It turns out it's quite hard to have @safe pure nothrow functions. Oh, and const.
Timon Gehr via Digitalmars-d
digitalmars-d at puremagic.com
Sat Sep 13 16:41:54 PDT 2014
On 09/13/2014 09:58 PM, Kagamin wrote:
> On Saturday, 13 September 2014 at 18:36:53 UTC, Timon Gehr wrote:
>> On 09/13/2014 07:48 PM, Kagamin wrote:
>>> On Saturday, 13 September 2014 at 16:51:09 UTC, Timon Gehr wrote:
>>>> s.bar((int* p){ ++*p; });
>>>
>>> Huh? inout is for functions, which don't modify their arguments.
>>
>> With Jakob's code working, this would not be warranted.
>
> Huh? See rationale in https://issues.dlang.org/show_bug.cgi?id=1961
> ...
All the examples there keep their non-modification guarantees.

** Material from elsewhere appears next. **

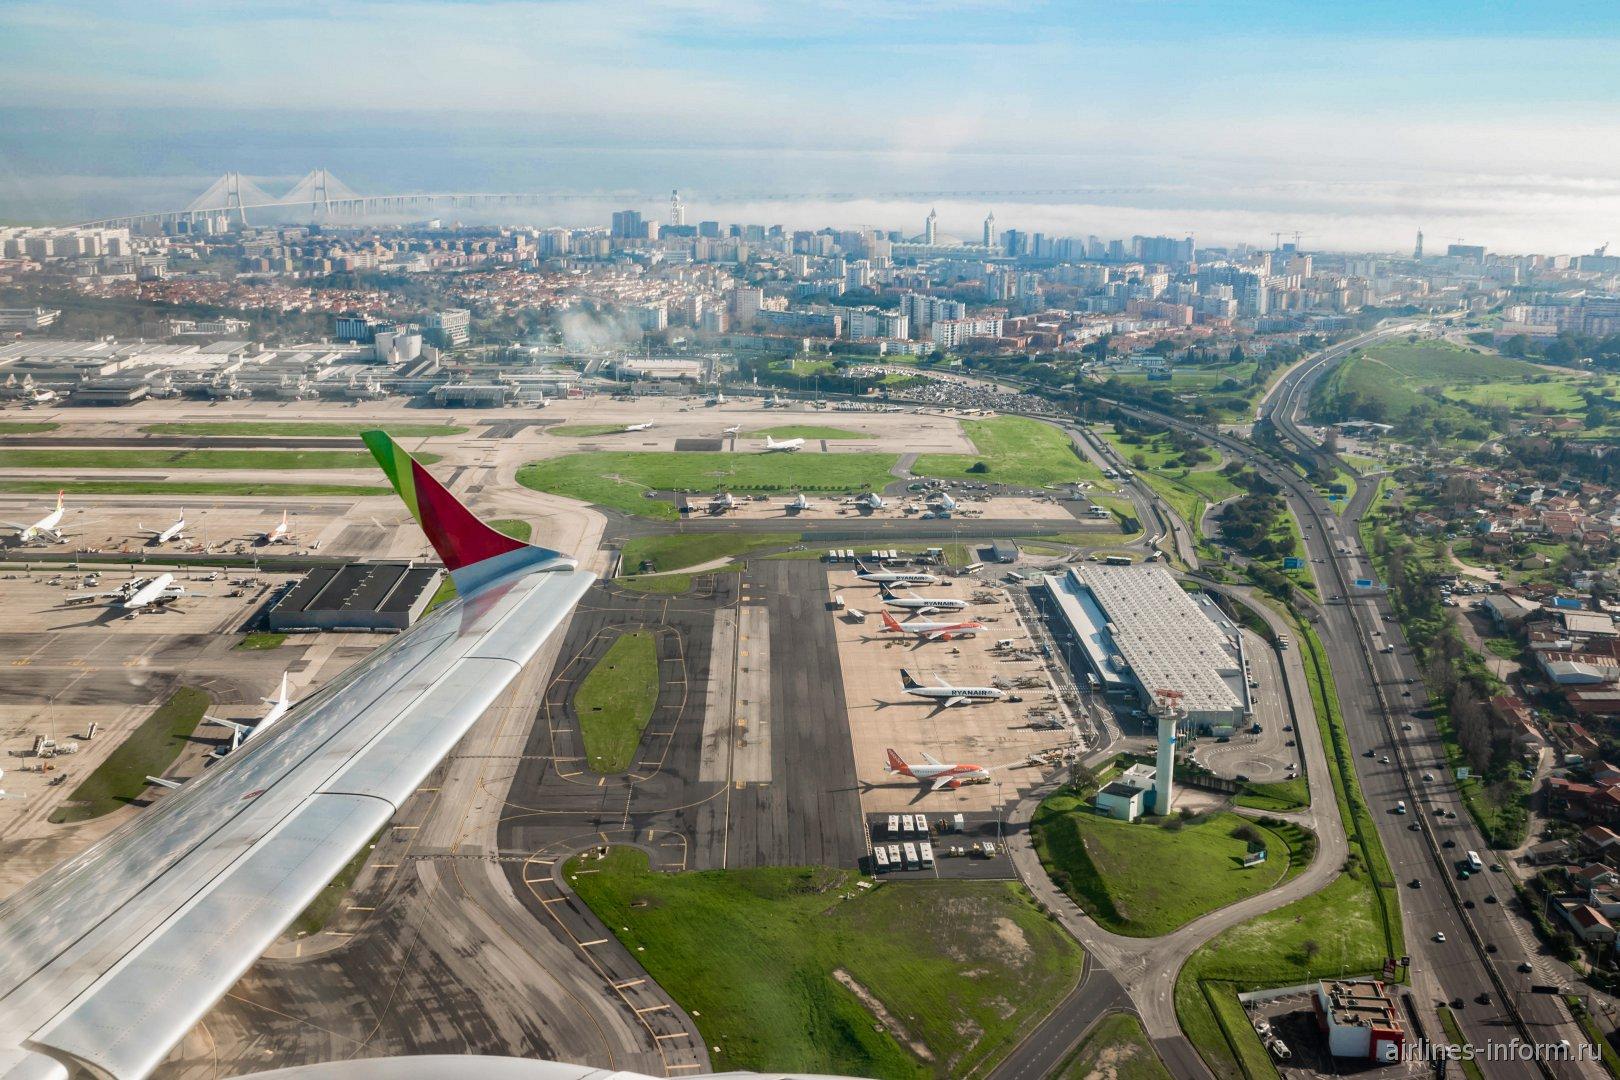 Вид на аэропорт Лиссабона при взлете - на переднем плане терминал 2, на заднем плане терминал 1

Modifications to inout parameters are visible at the call site.
>> If inout should still guarantee non-modification in the future, then
>> nested inout functions will need to introduce their own inout context
>> (i.e. the inout qualifier of the nested function should be
>> incompatible with the inout qualifier of the enclosing function.) I
>> assume this is a major PITA to implement in DMD, and it also leads to
>> growing pains that are hard to counter without enhancing the syntax,
>> hence the current semantics.
>
> I think, it can be more or less simple without syntax enhancements, see
> the description of how it can be implemented.
>
Even without going into details, it is easy to appreciate the fact that
erasing type information while enforcing type safety invariably tends to
lead to pain some way down the road. E.g. the inout qualifier of the
enclosing function should still be fully compatible with _itself_ even
when data is accessed and modified from the nested function.